Most chronic sufferers usually begin to share less and less about their illnesses and their lives as time goes by because 1. No one truly understands 2. It takes energy that we don’t have. 3. It can be deeply saddening to have to constantly repeat what your life is now like compared to what you had hoped and 4. Many people treat it like a competition (“oh I am far worse off than you!”). So we don’t talk about it. I don’t anyway.
Over the holidays I summoned up the strength to make a few calls to people that I don’t normally get to speak to, but I wanted to reassure some people that they were still important to me and in my thoughts. So I called. Thankfully many didn’t answer as they were all busy enjoying themselves. Others… well… read on.
Call one: upon calling this person I was already preparing for what would be said. The constant complaining about their lives. The endless list of their problems throughout the year. Almost the entire call devoted to them. Thankfully this means that I get to mostly listen and occasionally make a sound confirming that I am still on the line. It’s really quite energy saving although very isolating. After 15 minutes I had simply agreed to everything that was said and hung up.

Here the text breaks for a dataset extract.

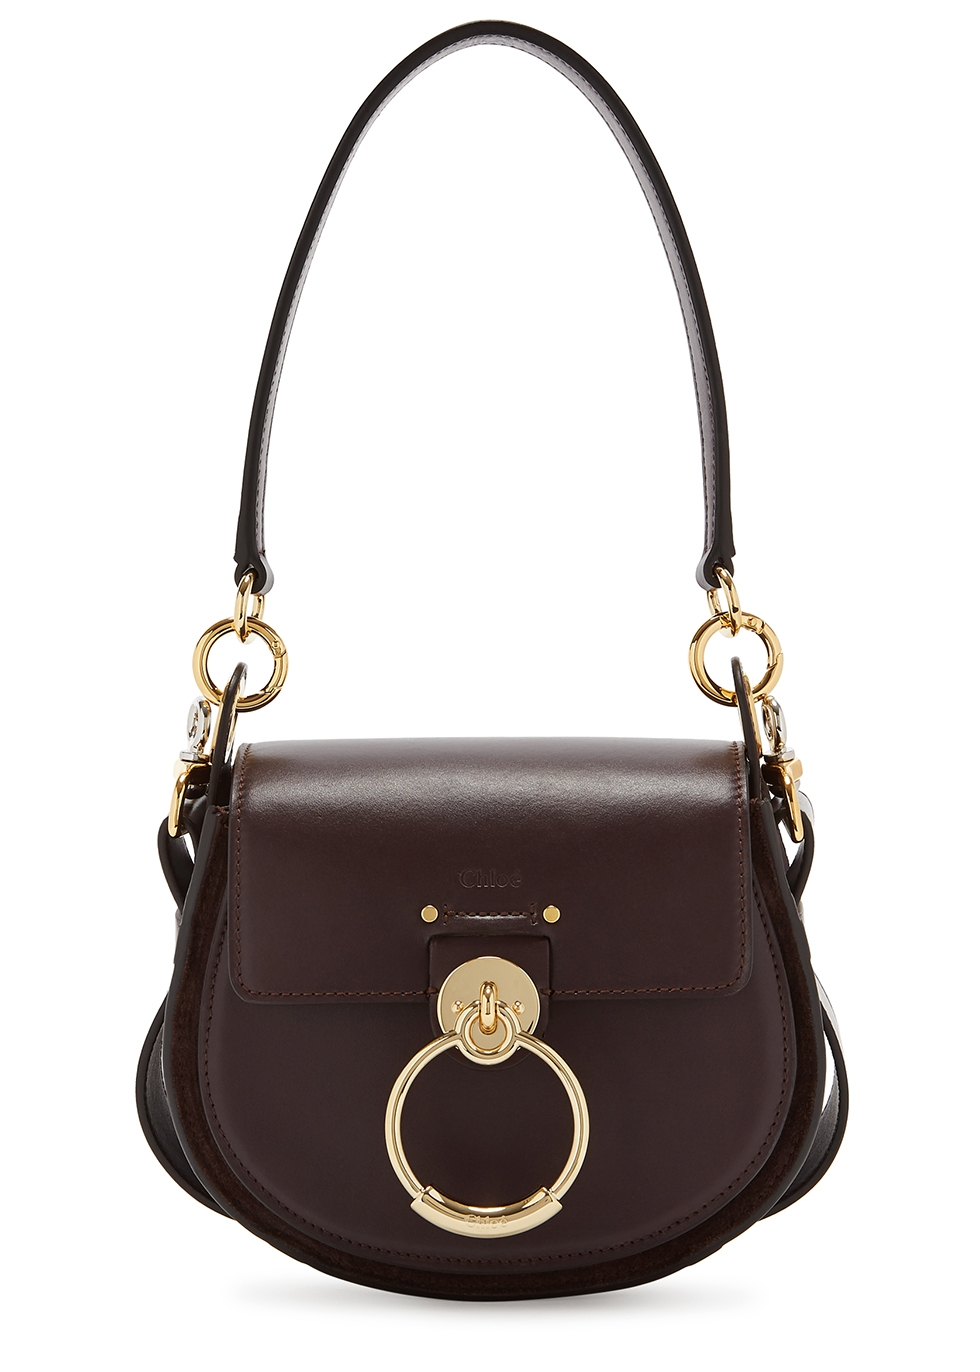 CHLOÉ | Chloé Tess Small Leather Shoulder Bag | Goxip

Call two: after surviving the veiled insults about not calling enough I was once again informed of the difficulties of their lives and how aging was too much to bare. Not one thought given to why I may not have called or how much pain I may have endured for so many years. Awkward silence. A cursory enquiry about me is made and then quickly spoken over to redirect the conversation again. 20 minutes and then over.
Call three: after the exchange of well wishes and seasons greetings there is an awkward silence. I asked how life had treated them this year and was assured that their success was thriving and their wealth and achievements had gone beyond their expectations. A quick mention of their plans for future success and then the question I fear the most… what about you? Sadly the only success I can claim is that I have somehow survived another year and endured things that I wished I never had to. Apart from this my days are very similar and had few highlights, or what others would call achievements anyway. Awkward silence and then another round of well wishes before closure. 15 minutes and another call ended.

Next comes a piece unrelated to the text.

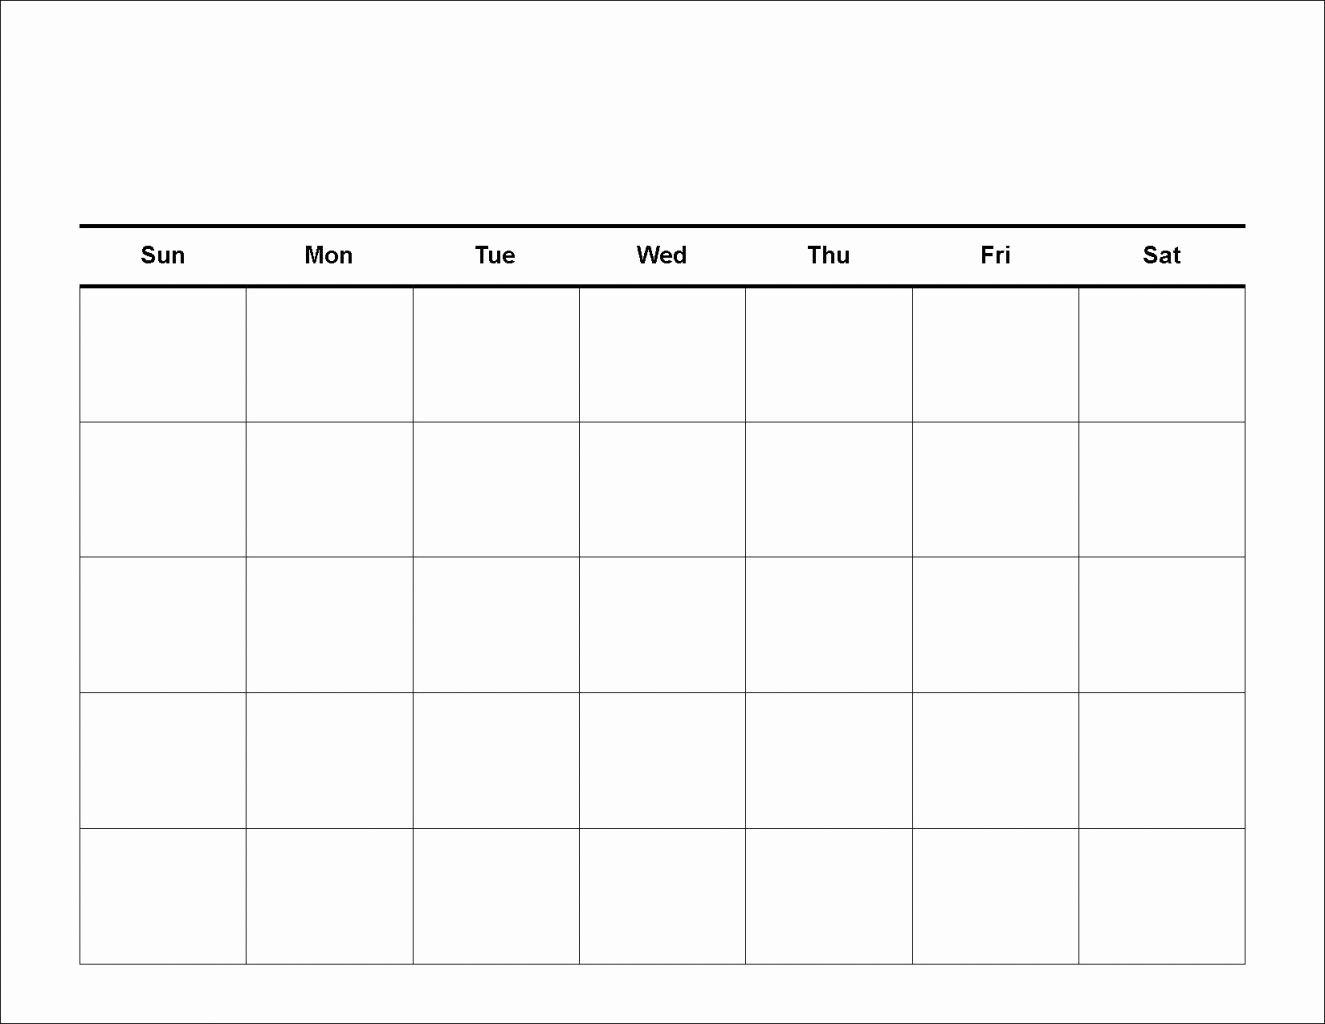 Fitness Calendar 2018 Printable 5 Day Work Week Calendar Template Catch 플래너 템플릿 주간계획표 템플릿

Caller four: saving the last call for someone who appreciates the many challenges my husband and I have faced is a truly welcome relief. Someone who can handle the truth of our lives without judgments or competitive urges. Someone with whom I can make light of the suffering and still feel at ease about being myself. Someone who appreciates me for who I am and still sees the person beneath the declining health and the fears for the future. It is the gift I truly want at this time of the year! The only gift I could ever want. Listening. Sharing. Laughing. Relaxing. And then being able to say I am exhausted my friend and sadly I must go for now. Time is irrelevant and well spent. Such calls and people are extremely rare. Extremely. And priceless.
As I retreat to my bed I reflected the calls made and the relative merits of each one. I am reminded that this pretty much sums up a years worth of conversations and what people say and do.
Sometimes we don’t just have to survive the illnesses themselves but we also have to survive what people say to us!